Target-setting initiative to no longer accept ‘well below 2°C’ temperature targets from corporates, in response to “increasing urgency for climate action”.
The corporate sector is ready and able to adjust to new 1.5°C-aligned emissions reductions targets, according to Alberto Carrillo Pineda, a co-founder of the Science Based Targets initiative (SBTi), the global body enabling businesses to set emissions reduction targets in line with climate science.
SBTi has unveiled a new strategy to increase the minimum ambition in corporate target setting from limiting climate change to ‘well below 2°C’ to 1.5°C above pre-industrial levels. The strategy is in response to “increasing urgency for climate action and the success of science-based targets to date”, said SBTi.
Conceived in 2015, science-based target setting now covers nearly 20% of the global economy, according to SBTi. Between 2015 and 2020 companies with validated targets cut emissions by 25% compared with an increase of 3.4% in global energy and industrial emissions.

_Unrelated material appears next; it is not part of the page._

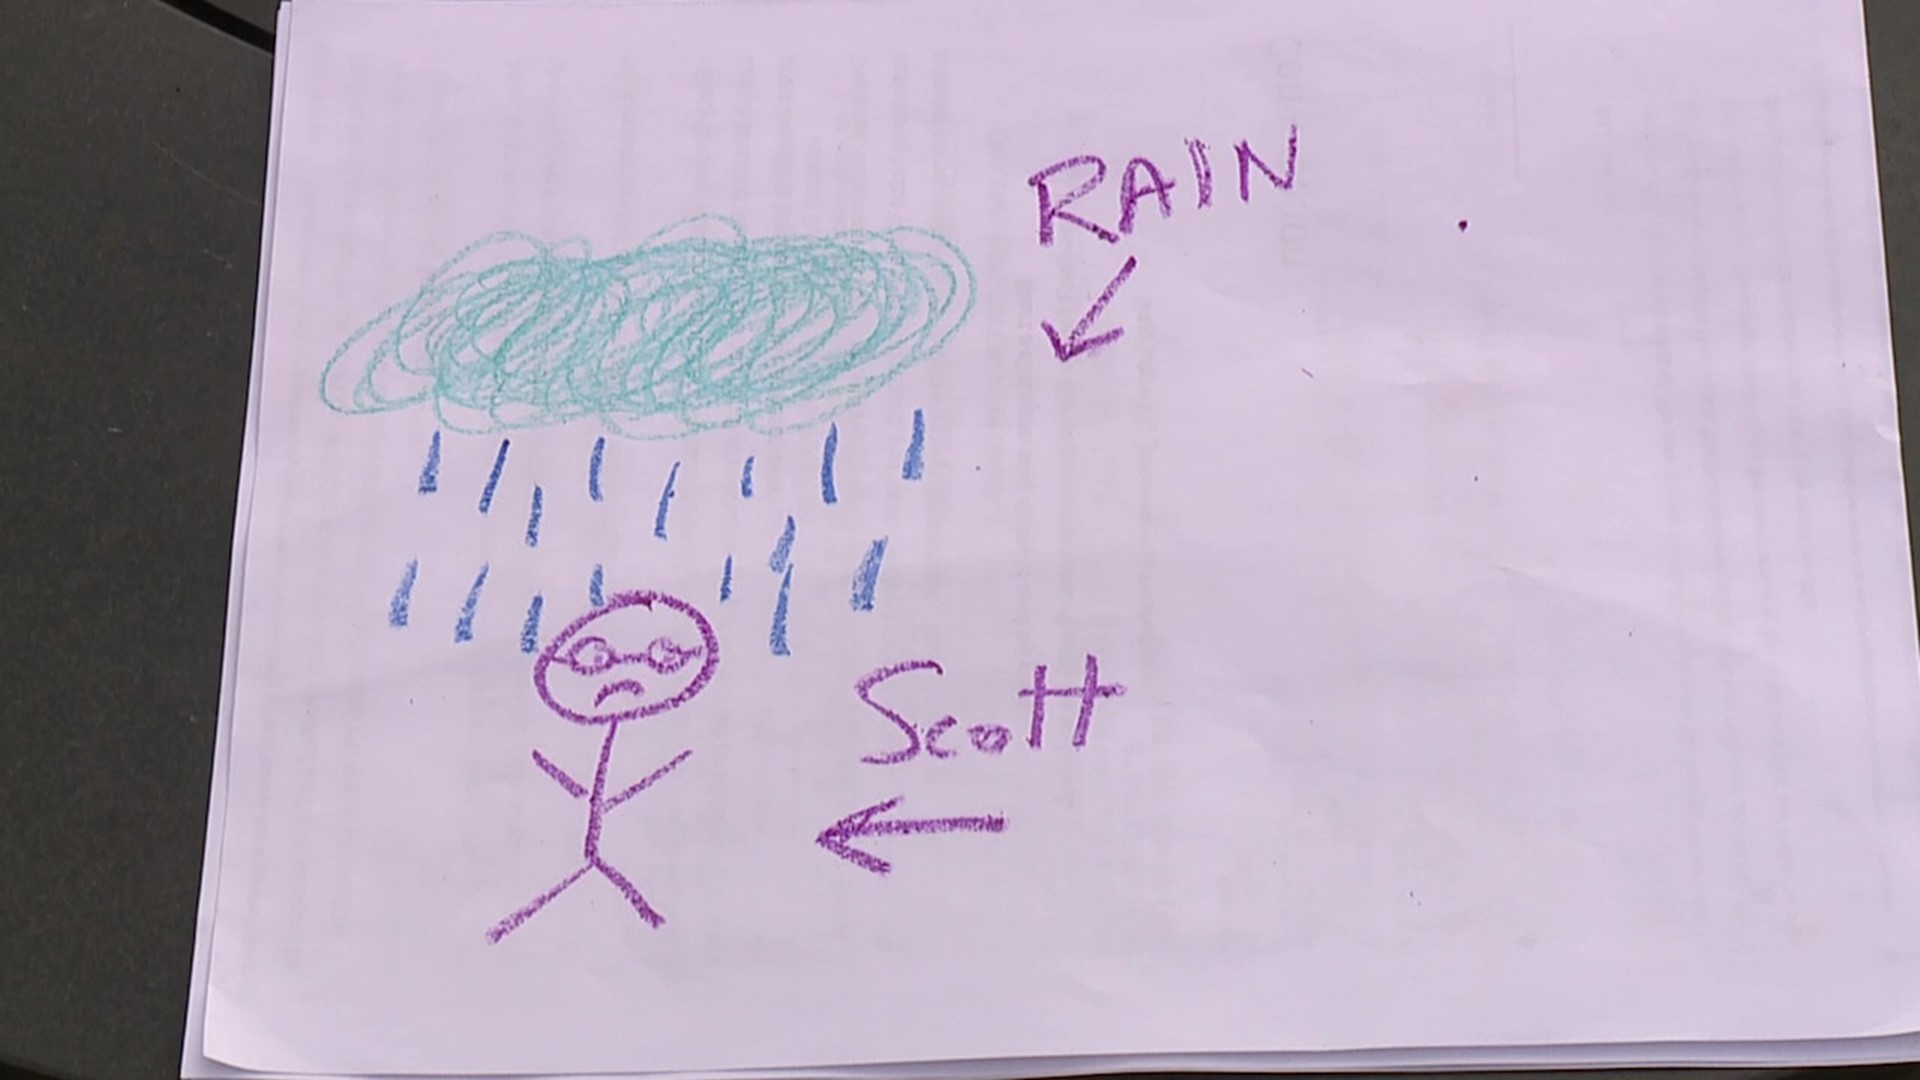 Scott tries to see if callers claiming that launching rockets into outer space is causing heavy rain.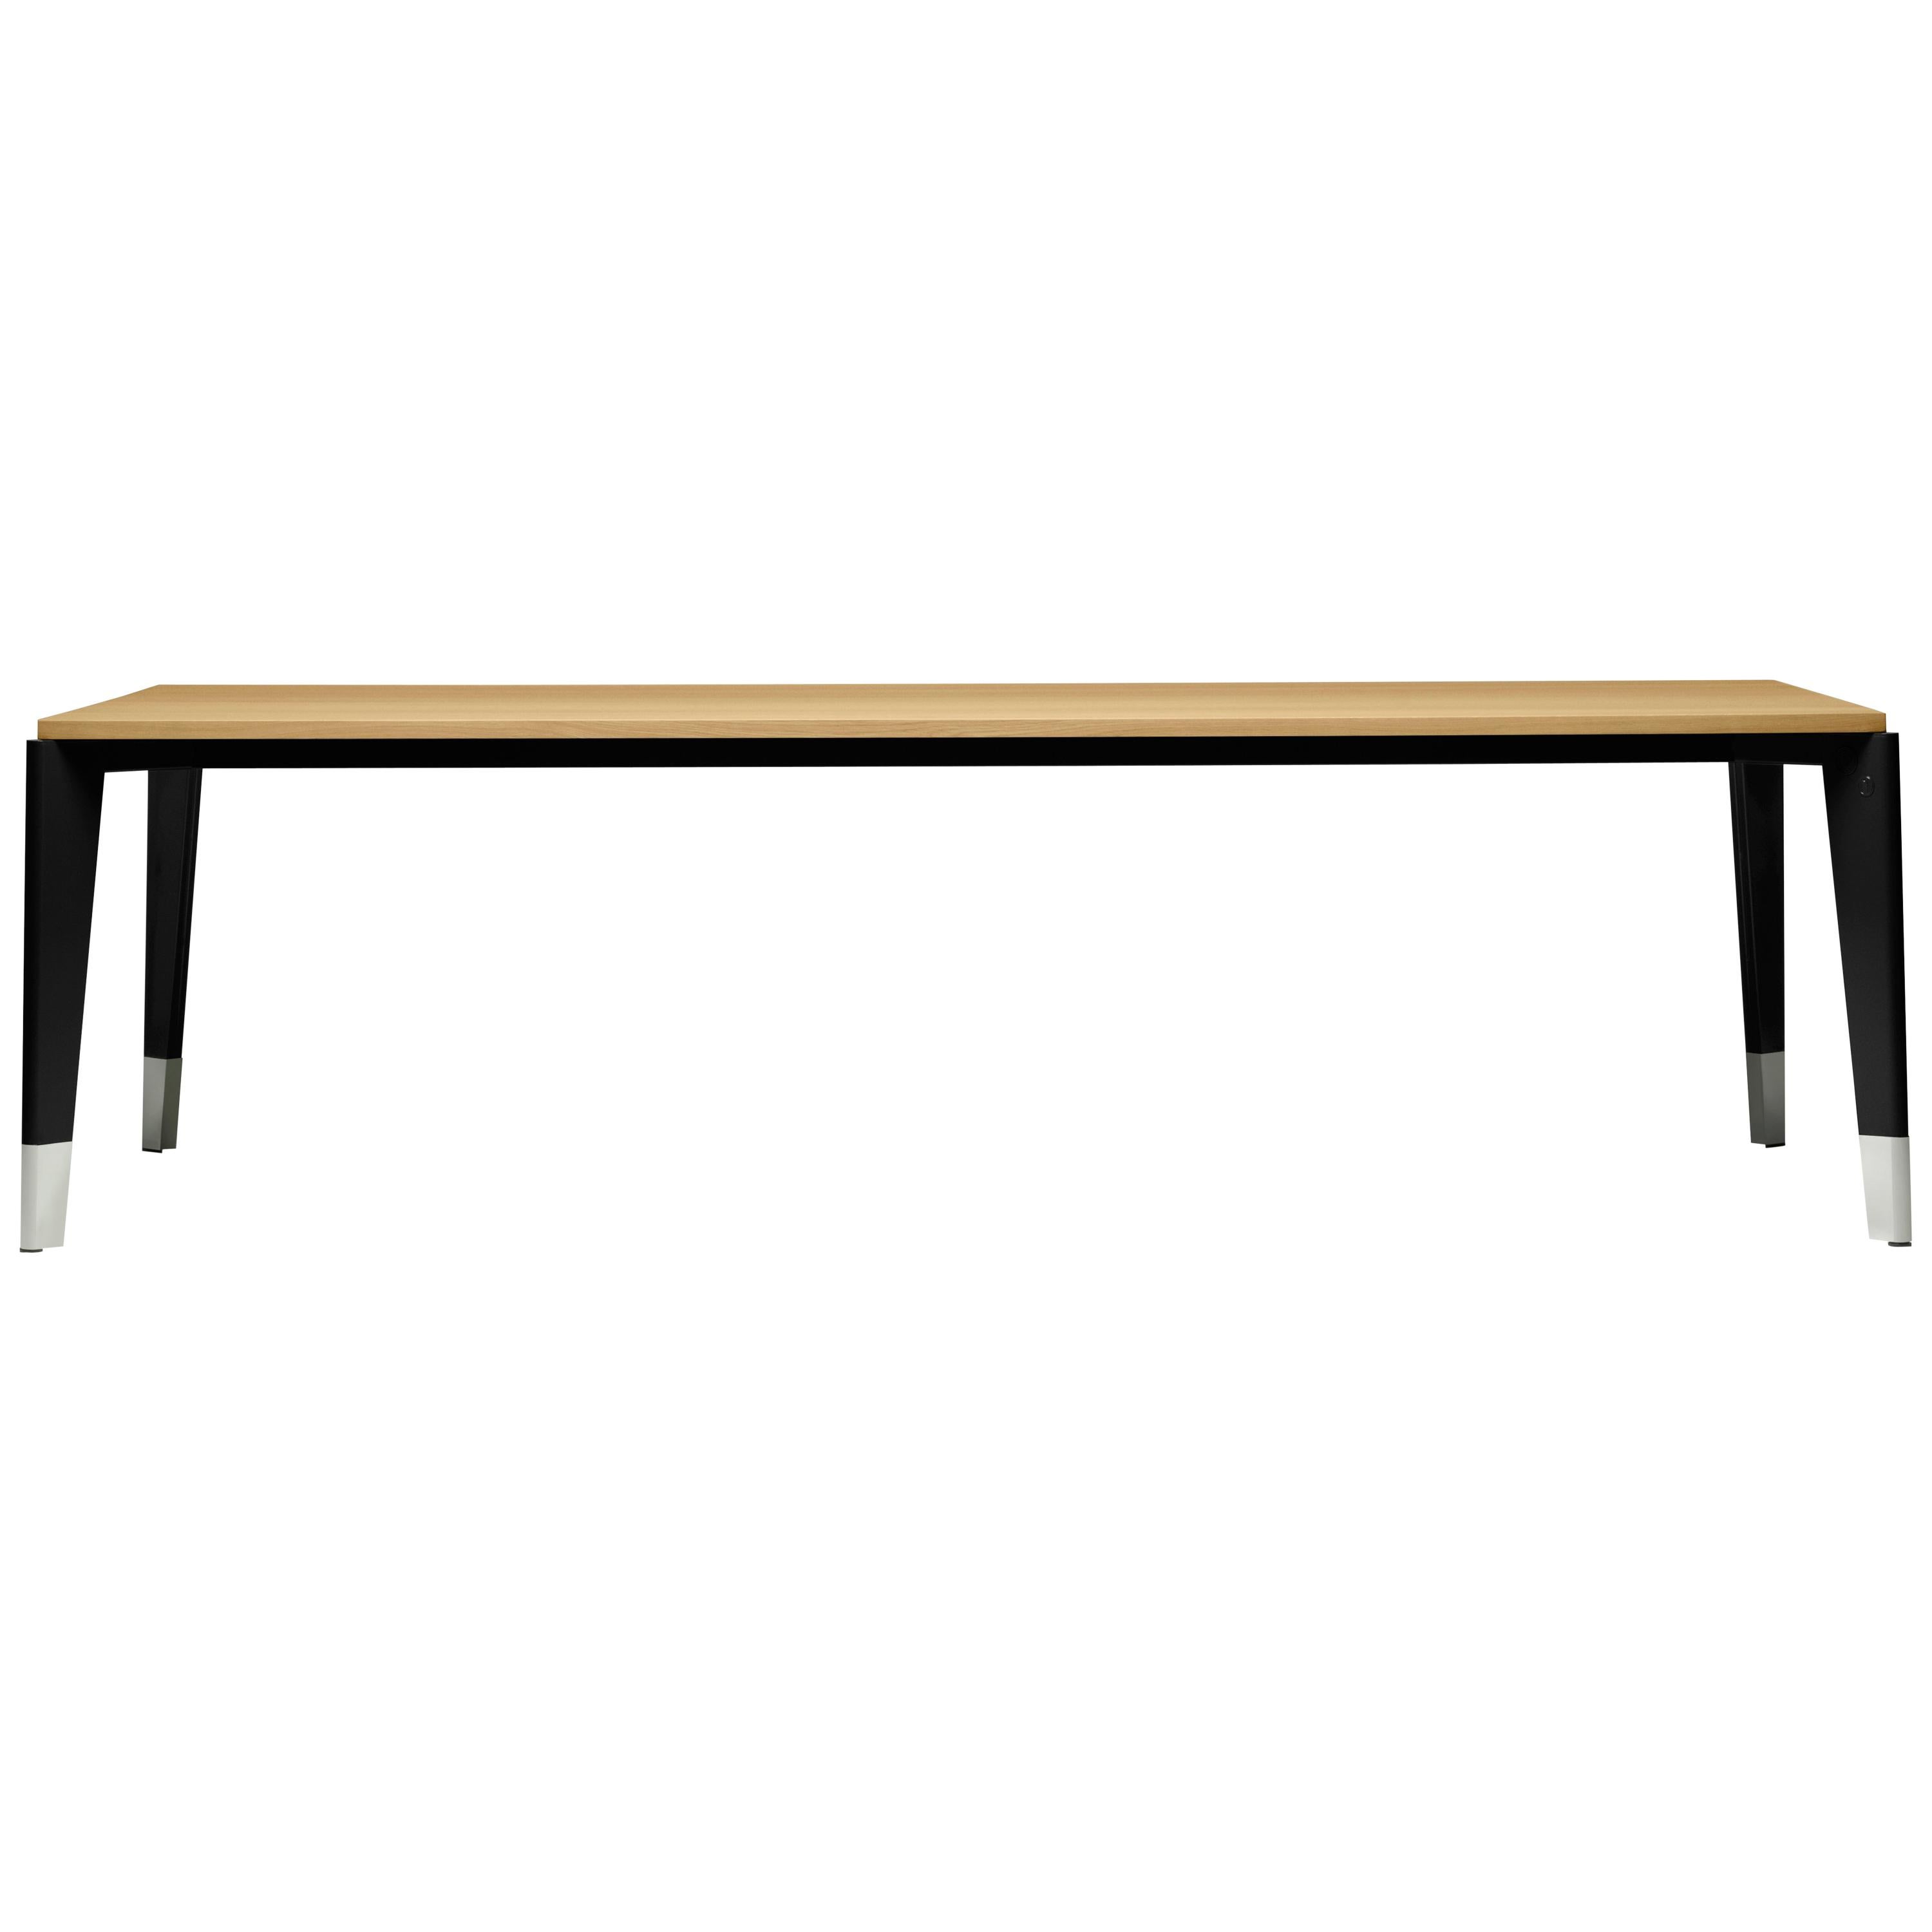 Vitra Flavigny Table in Natural Oak by Jean Prouvé For Sale

“There has been an explosion of ambition among the companies that are part of the SBTi and a 1.5°C target is the most common target we have approved,” said Pineda, recently also appointed managing director of the organisation.
1.5°C-aligned targets represent 66% of all submissions to the SBTi in 2021 to date. Overall, more than 600 companies from across the world have committed to the highest 1.5°C-aligned ambition through the SBTi’s Business Ambition for 1.5°C campaign since it launched in February 2019 in response to the Intergovernmental Panel on Climate Change’s (IPCC) Special Report on 1.5°C. These companies represent US$13 trillion in market capitalisation, said SBTi.
The change in strategy by SBTi also has been driven by a “significant change in the ecosystem”, Pineda added, with new climate goals set in the EU, UK, Japan and the US. “There is a different context than a few years ago and SBTi felt it was important to reflect the changing reality. It is clear that 1.5°C should be the ambition for any credible climate target for a company.”
Moreover, many of the companies that have already set 1.5°C targets are now focusing on their supply chains, encouraging them to align with 1.5°C or net zero trajectories, said Pineda. Additionally, civil society movements have added to the pressure on companies to set such emissions reduction targets.
IPCC Working Group 1’s contribution to its sixth assessment report is due to be released in August.
Consistency for companies and investors
The new strategy will enable SBTi to consistently provide businesses with the “most robust target-setting framework” so companies can confidently align with climate science.
“We want to harmonise frameworks so we can agree and use a consistent set of scenarios and metrics and science provides an objective way to define these,” said Pineda. “We think many actors are willing to go in that direction and we are now embarking on a different type of work to the technical work we have done in the past. SBTi is happy to transform itself to move in that direction.”
Harmonising and aligning as much as possible with other initiatives in the climate action space will send a “consistent signal to companies and financial institutions” said Pineda. A simple, clear goal of 1.5°C and net zero emissions by 2050 will help many of the other climate initiatives facing similar challenges.
The new strategy includes the adoption of new governance and operational models to strengthen SBTi’s technical authority while providing a more structured and agile project management approach to support efficient, effective and exponential growth. This will include a new and independent technical decision-making body that will help ensure the robustness of key technical decisions, including the selection of scenarios, target setting methods and the approval of new standards and revision of existing ones.
“Covid-19 and climate breakdown are the two biggest challenges facing life as we know it,” said Pineda. “We can’t solve either without widespread global action. For Covid, it is vaccination of people. For the climate, it is decarbonisation of our economies. We need every company to play its part, by setting science-based 1.5°C-aligned emission reduction targets to help us halve global emissions in the next eight years.”
The SBTi is a partnership between CDP, the United Nations Global Compact, World Resources Institute (WRI) and the World Wide Fund for Nature (WWF).